AIM OF THE TASK:
Taking the data below, please print only the lines from the line holding "red vans laces, OFF 74%,Cheap price!" to the line holding "Root and Tuberous", inclusive, with pictures omitted.

MATERIAL PROVIDED:

........

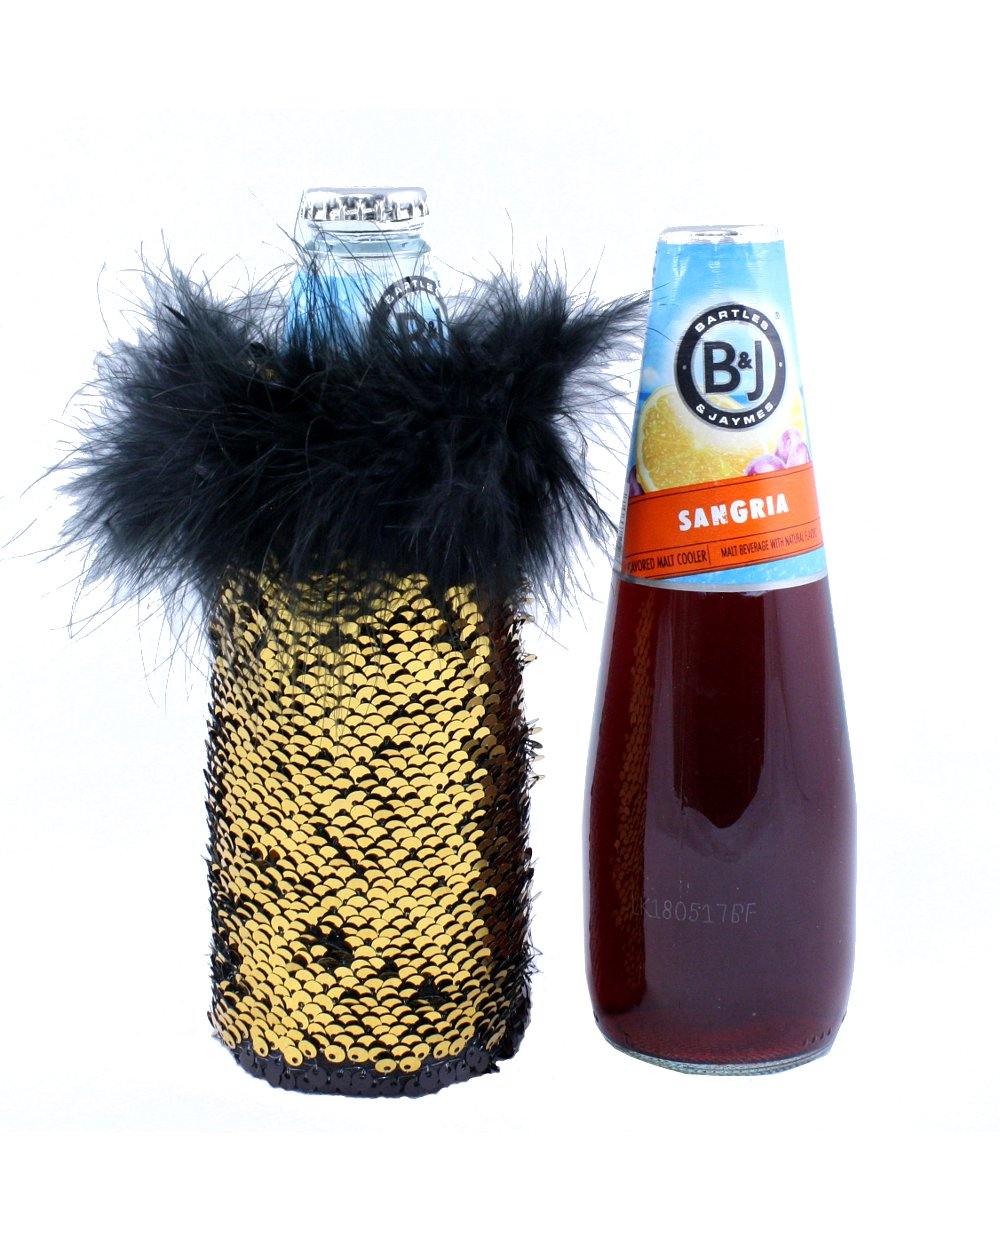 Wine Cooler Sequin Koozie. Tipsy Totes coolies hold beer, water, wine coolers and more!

........

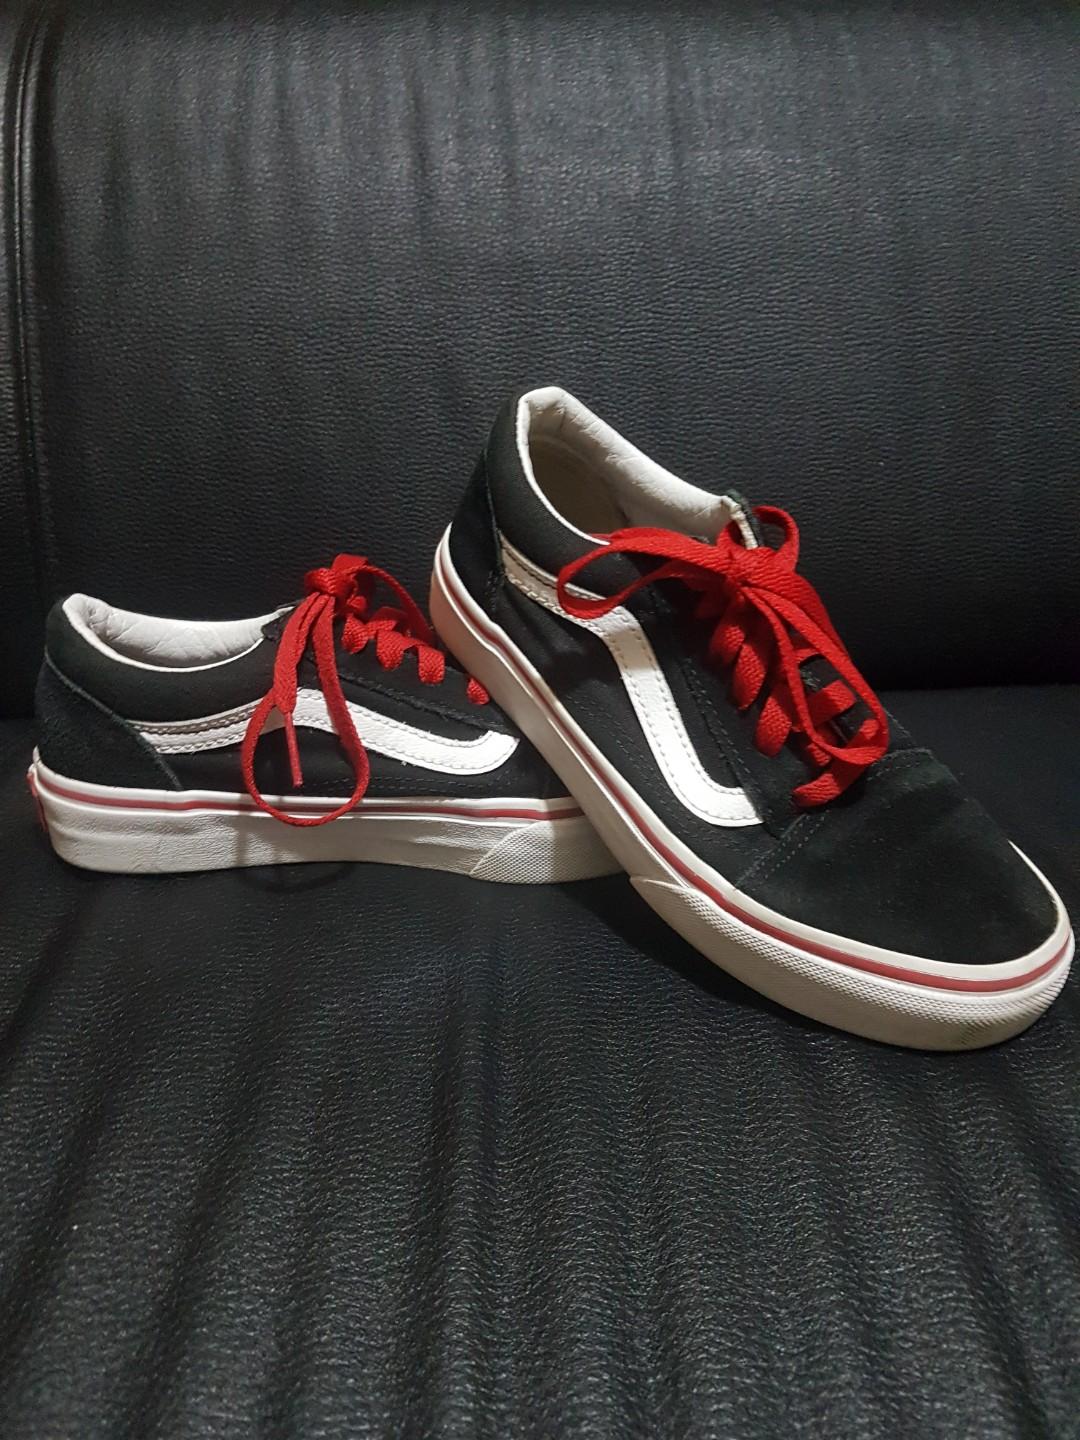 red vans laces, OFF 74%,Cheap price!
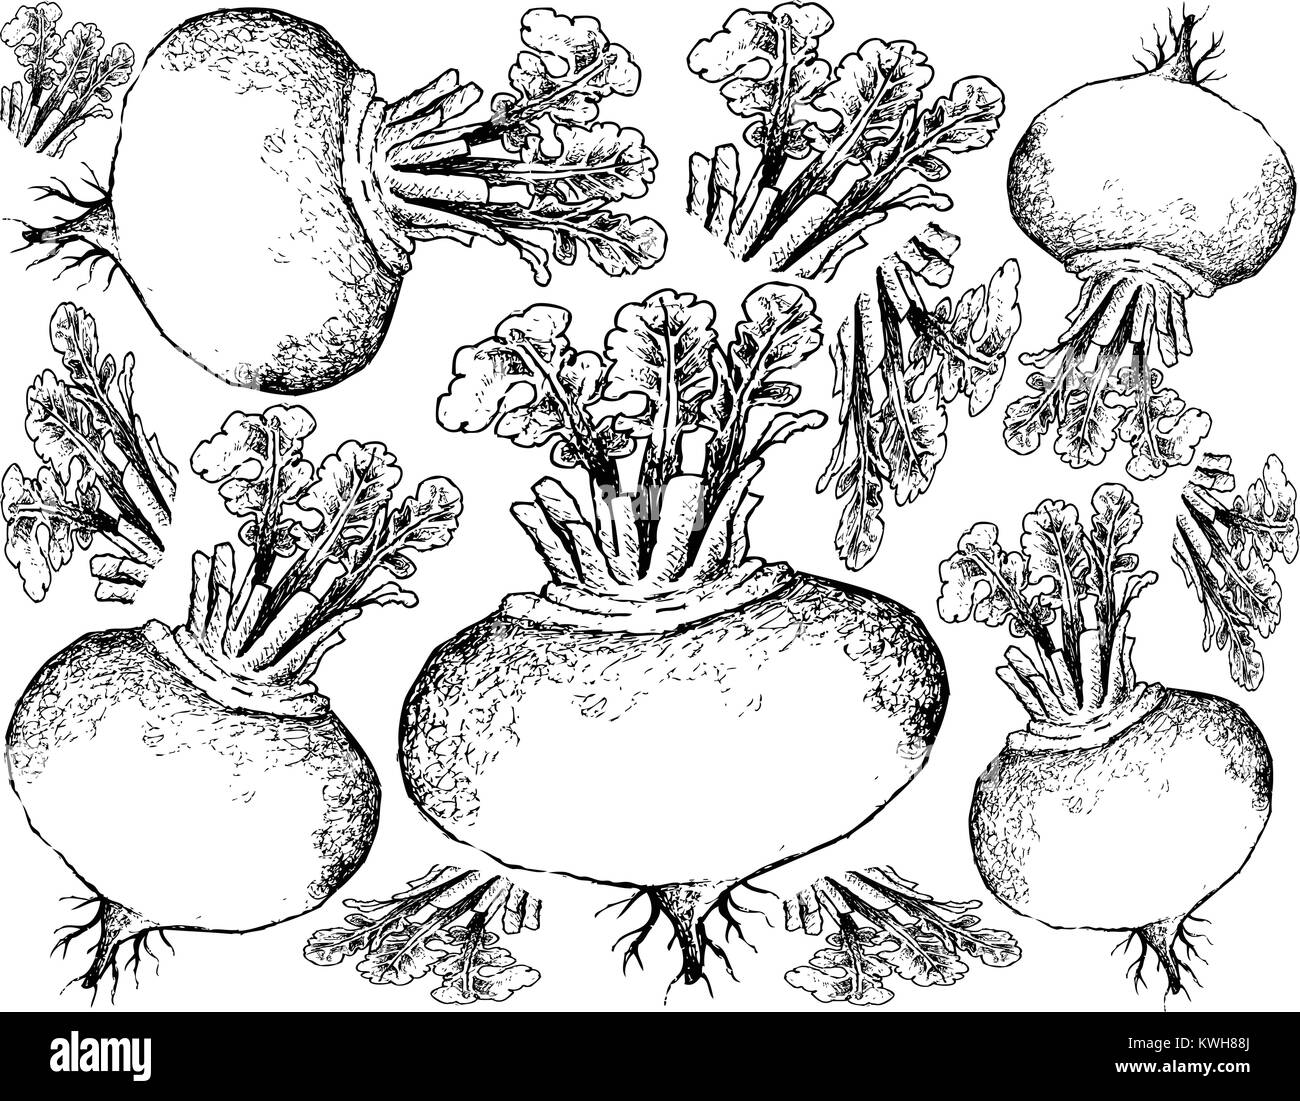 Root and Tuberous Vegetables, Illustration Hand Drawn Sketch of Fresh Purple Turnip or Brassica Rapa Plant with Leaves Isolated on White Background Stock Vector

........

FINAL ANSWER:
 red vans laces, OFF 74%,Cheap price!
 Root and Tuberous Vegetables, Illustration Hand Drawn Sketch of Fresh Purple Turnip or Brassica Rapa Plant with Leaves Isolated on White Background Stock Vector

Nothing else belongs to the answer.